Their mother looked demure, but the flush of pleasure on her cheeks gave her away. “Lady Boscawen and I spoke of that most particularly. For besides yourselves, and Isobel Boscawen, there are the Trevelyan twins, too, ready to be out in society.”

“And Lady Anne St Aubyn,” Rosalind said. “We must consider her to be the countess’s first object.”

“Of course,” Mama said. “It was, of course, the countess who broached the plan to Lady Boscawen. It is far too difficult to hold such an event at their castle—one can only approach on foot at low tide, and my goodness, what if the tide were out at noon and not the hour of the ball?”
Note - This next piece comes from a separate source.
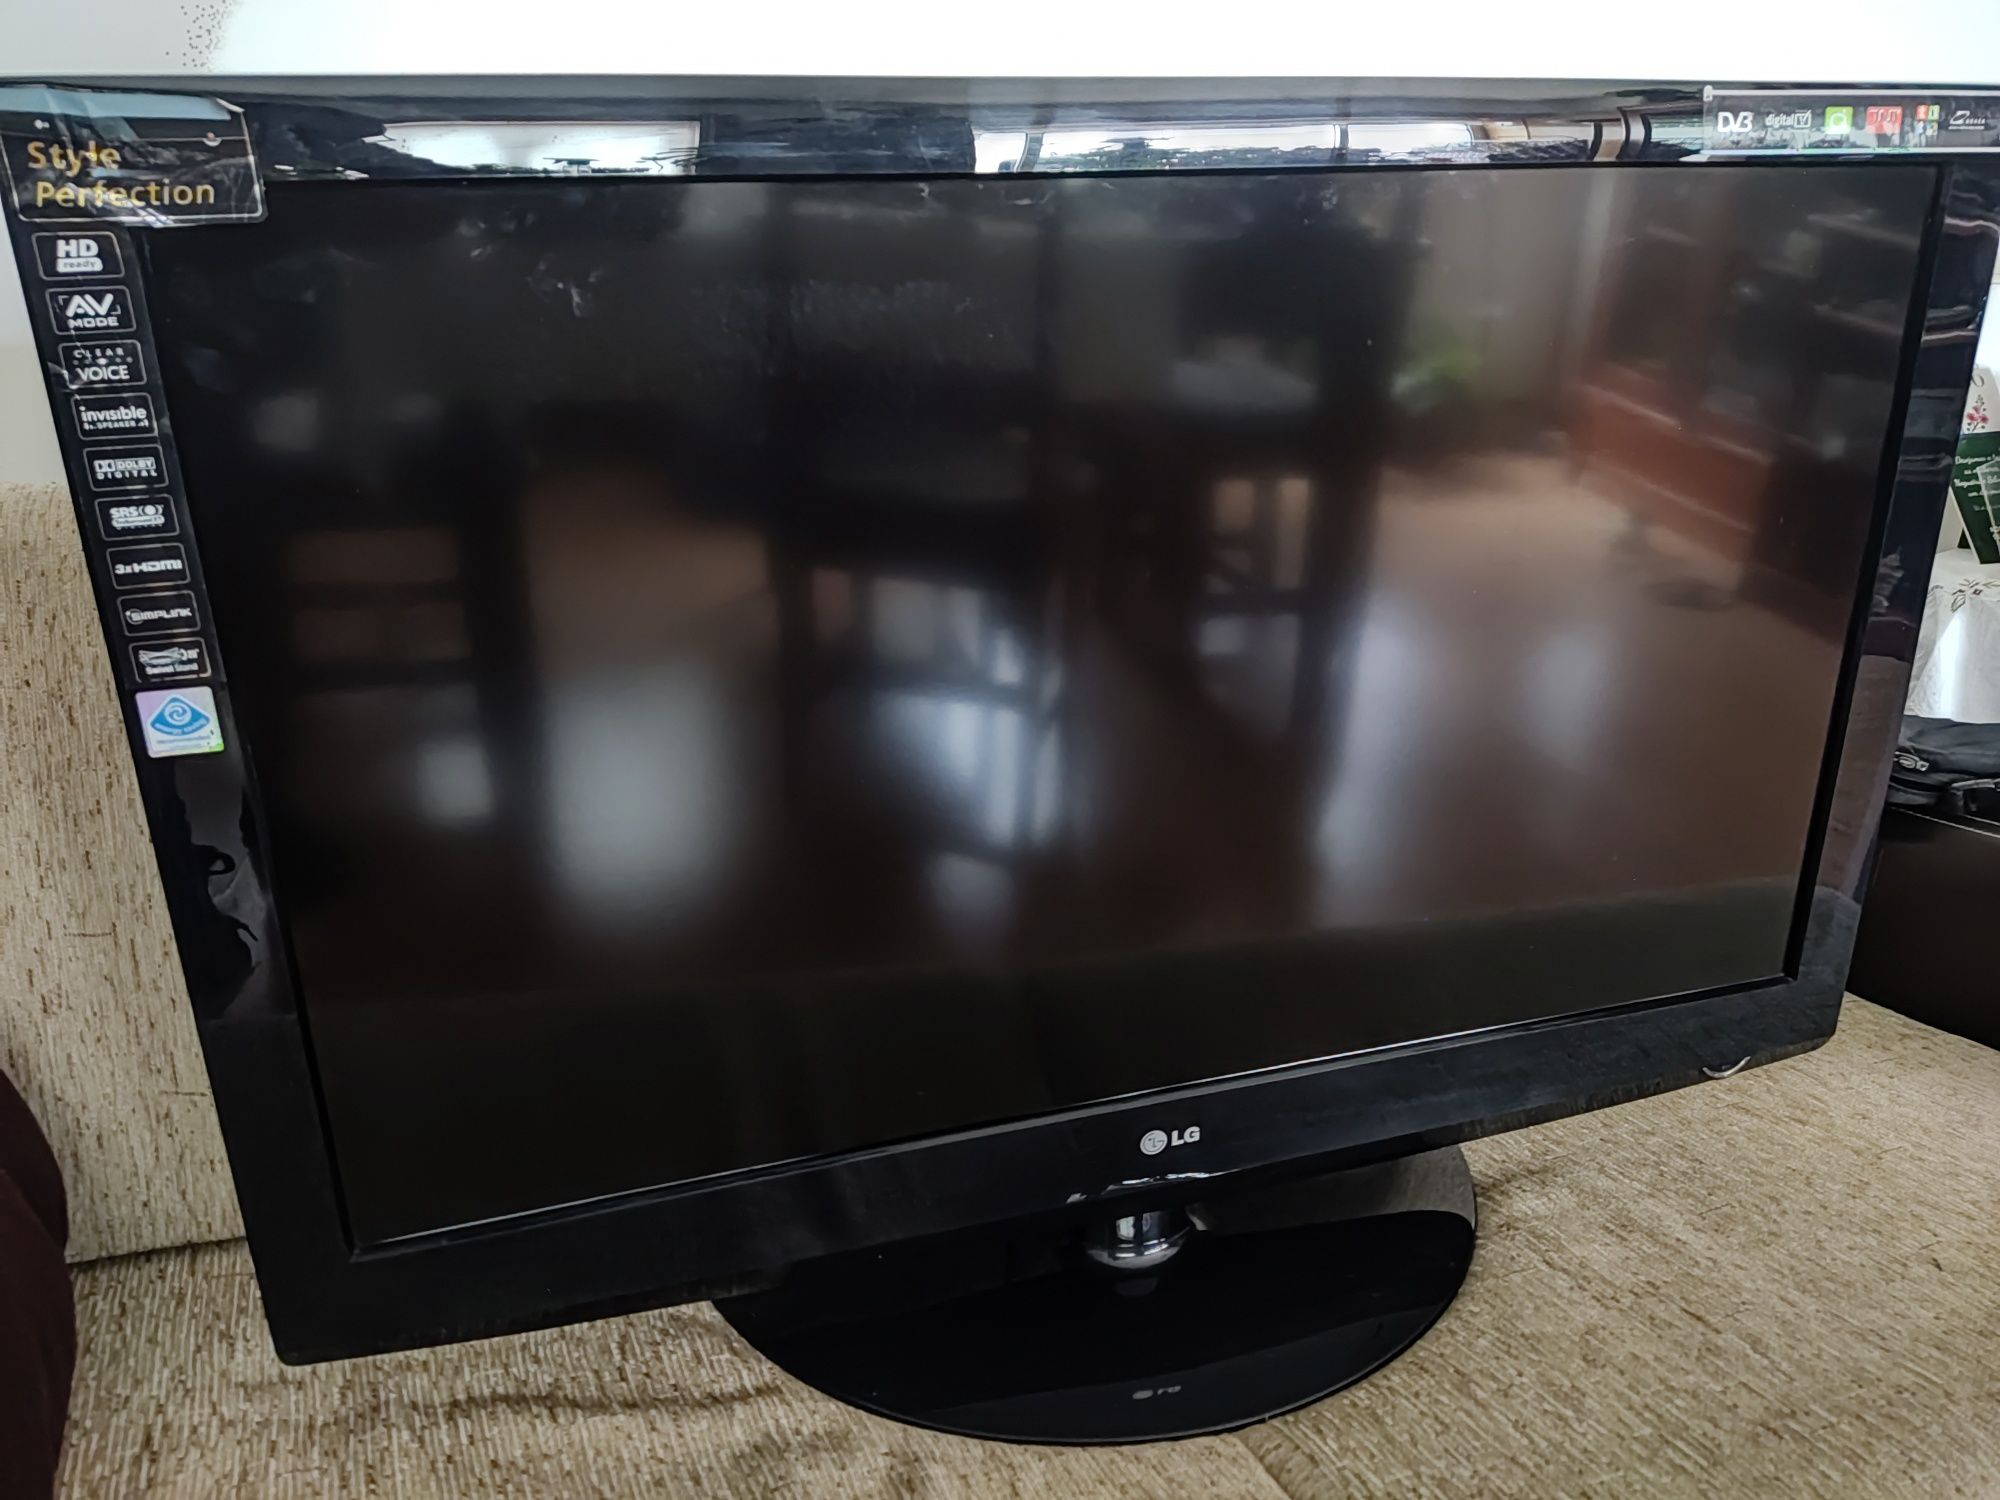 TV LCD LG 42LG3000 com Avaria, 42 polegadas
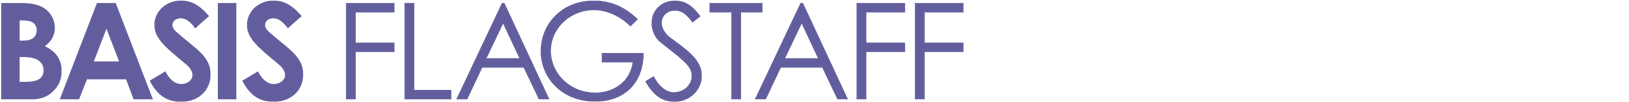 BASIS Flagstaff text logo

“To say nothing of people’s going home,” Loveday pointed out, rather sensibly, she thought. “Guests would arrive at noon on one day and be forced to stay until noon the next—unless they wished to be conveyed to shore in a fishing boat. Which I would not mind, but—”

“You have no sense of personal dignity,” Gwen informed her. “But imagine old lady Tregothnan trying to get into a boat with those big Georgian skirts.”

“Quite,” Papa said with a quelling glare at her disrespect of their elderly neighbor, chatelaine of the oldest estate on this part of the coast.

Gwen, thank goodness, subsided.

“The point is that you will all be presented, and my life will consequently become three times more complicated than it is already,” Papa went on. “But that is the price I must pay to see you happily settled.”

Mama slid a glance toward Loveday that she did her best to pretend she had not seen. Instead, she leaned forward to take a savory tart. “We must not get ahead of ourselves,” Loveday said. “We have had news he is definitely coming before, and something has always prevented him.”

“That was a mere rumor before,” Mama said. “This time, we may place a little more stock in it, if Lord St Aubyn has had it in writing.”

“But even if it is only a possibility, we must still prepare as though it were a fact,” Rosalind put in. “Oh, Mama, may I not now have that beautiful blue silk in the mantua maker’s window in Truro?”

Mama laughed. “Dearest, if you are to be presented, silk from Truro is not nearly good enough. The four of us will go to Exeter and have gowns made in the latest fashion.”

“Exeter!” Such pandemonium reigned in the parlor that Papa snatched up a piece of cheese and fled.

But Loveday merely poured herself another cup of tea and withdrew into the shallow protection of her chair. Exeter, piffle. If she could convince Mama that her presence was not necessary—that she might simply take along one of Loveday’s dresses to use as a pattern—then she could work on the articulated sideboard undisturbed for days.

What a happy prospect.

And when her mother asked her how she liked the plan, she said with complete truth that it was the best she had heard in forever, and the day of departure could not come soon enough for her.